The party of the proletariat cannot rest content with a bourgeois parliamentary democratic republic, which throughout the world preserves and strives to perpetuate the monarchist instruments for the oppression of the masses, namely, the police, the standing army, and the privileged bureaucracy.

The party fights for a more democratic workers’ and peasants’ republic, in which the police and the standing army will be abolished and replaced by the universally armed people, by a people’s militia; all officials will be not only elective, but also subject to recall at any time upon the   demand of a majority of the electors; all officials, without exception, will be paid at a rate not exceeding the average wage of a competent worker; parliamentary representative institutions will be gradually replaced by Soviets of people’s representatives (from various classes and professions, or from various localities), functioning as both legislative and executive bodies.

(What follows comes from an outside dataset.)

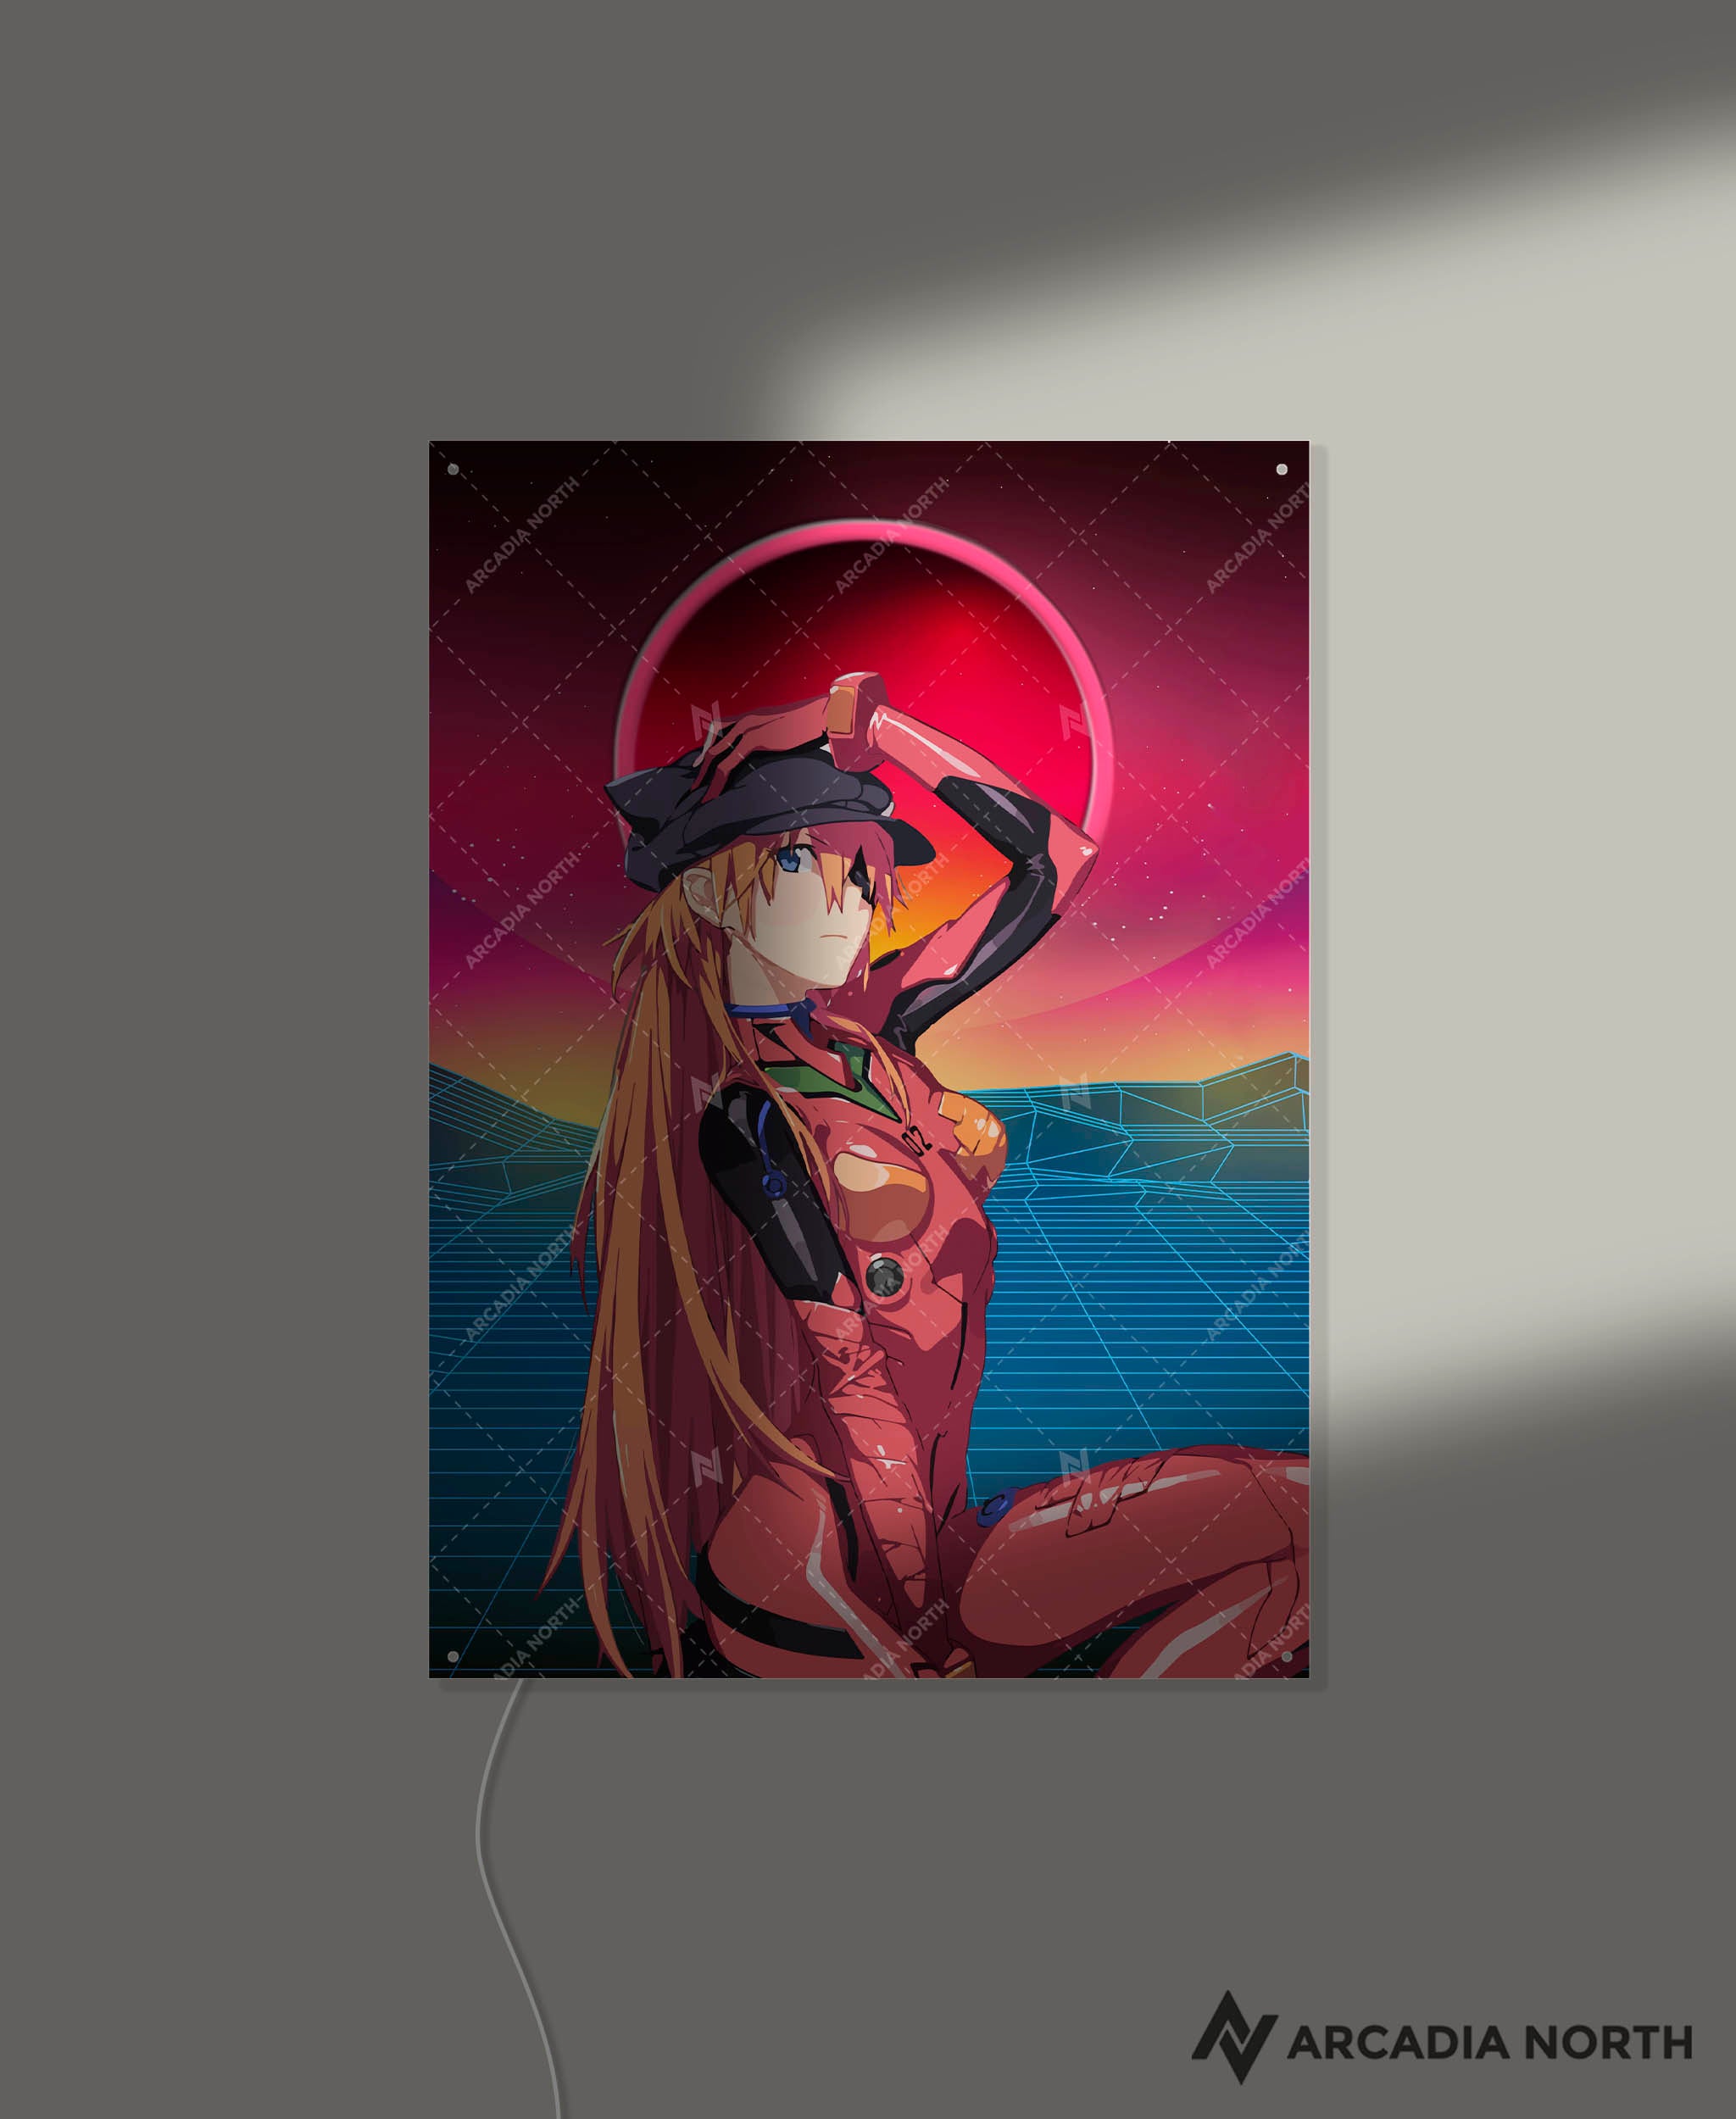 Arcadia North AURALIGHT - an LED Poster featuring the anime Neon Genesis Evangelion with Asuka Langley Soryu on a synthwave style backdrop. Illuminated by glowing neon LED lights. UV-printed on acrylic.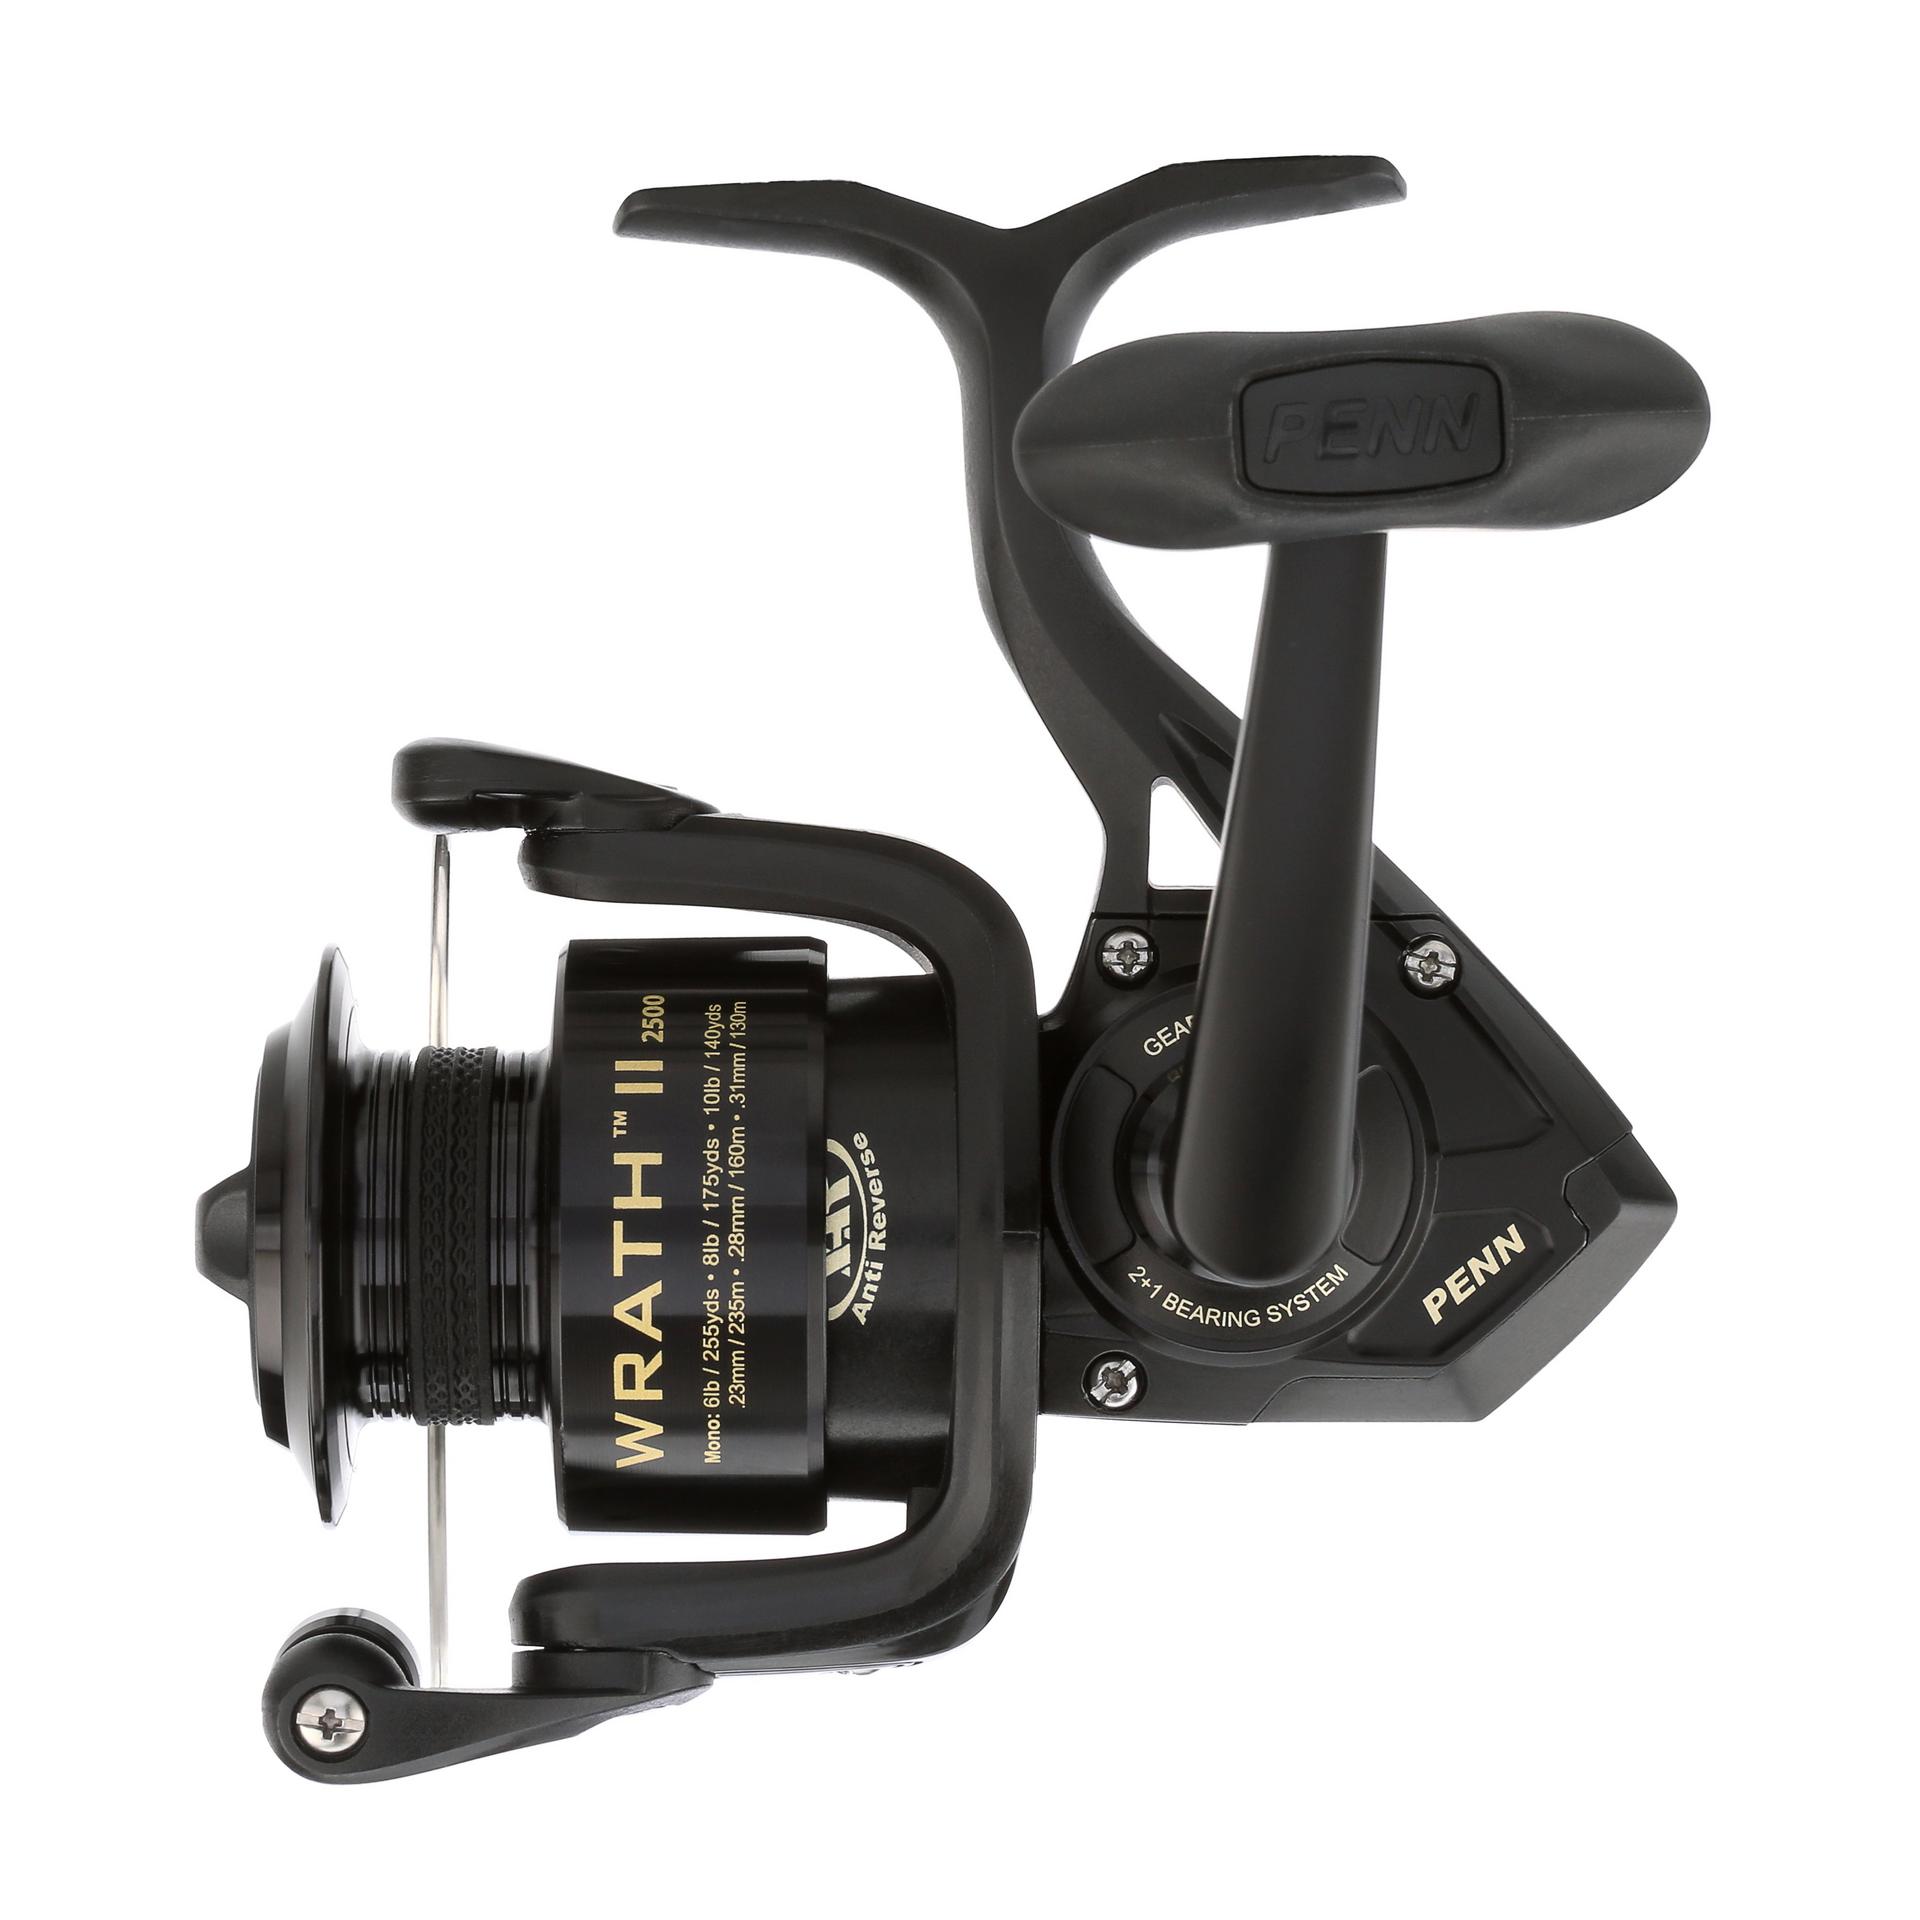 Penn Wrath 8000/ 10ft Combo. This Reel holds up to 300 yards of 80lb braid.  The rod is a heavy action. This combo is perfect for surf fishing  🎣🐟😎.

Written not later than April 25 (May 11), 1917 Printed from the original
First published in 1933 in Lenin Miscellany XXI


{1} The text from “for the revolution....” to “proletarian struggle)” is crossed out in the MS.—Ed.

{2} The text from “The experience of the Russian revolutions...” to “but this state” is crossed out in the MS. The end of the paragraph was left standing inadvertently; it was written on a separate sheet, at the bottom of which there is a note in an unknown hand: “Add: Apparatus for the regulation of production is ready in the form of trusts and concentration of banks” (see Lenin’s insertion in the “Proposed Amendments to the Doctrinal, Political and Other Sections of the Programme”, present edition, Vol. 24, p. 459).—Ed.

{3} The text from “Monopoly capitalism...” to “socialist society” is crossed out in the MS.—Ed.

{4} See “Resolution on the Agrarian Question”, present edition, Vol. 24, pp. 290–93.—Ed.

{5} See “Materials Relating to the Revision of the Party Programme”, ibid., p. 463.—Ed.

{6} This variant is included in the “Proposed Amendments to the Doctrinal, Political and Other Sections of the Programme” (see present edition, Vol. 24, p. 461).—Ed.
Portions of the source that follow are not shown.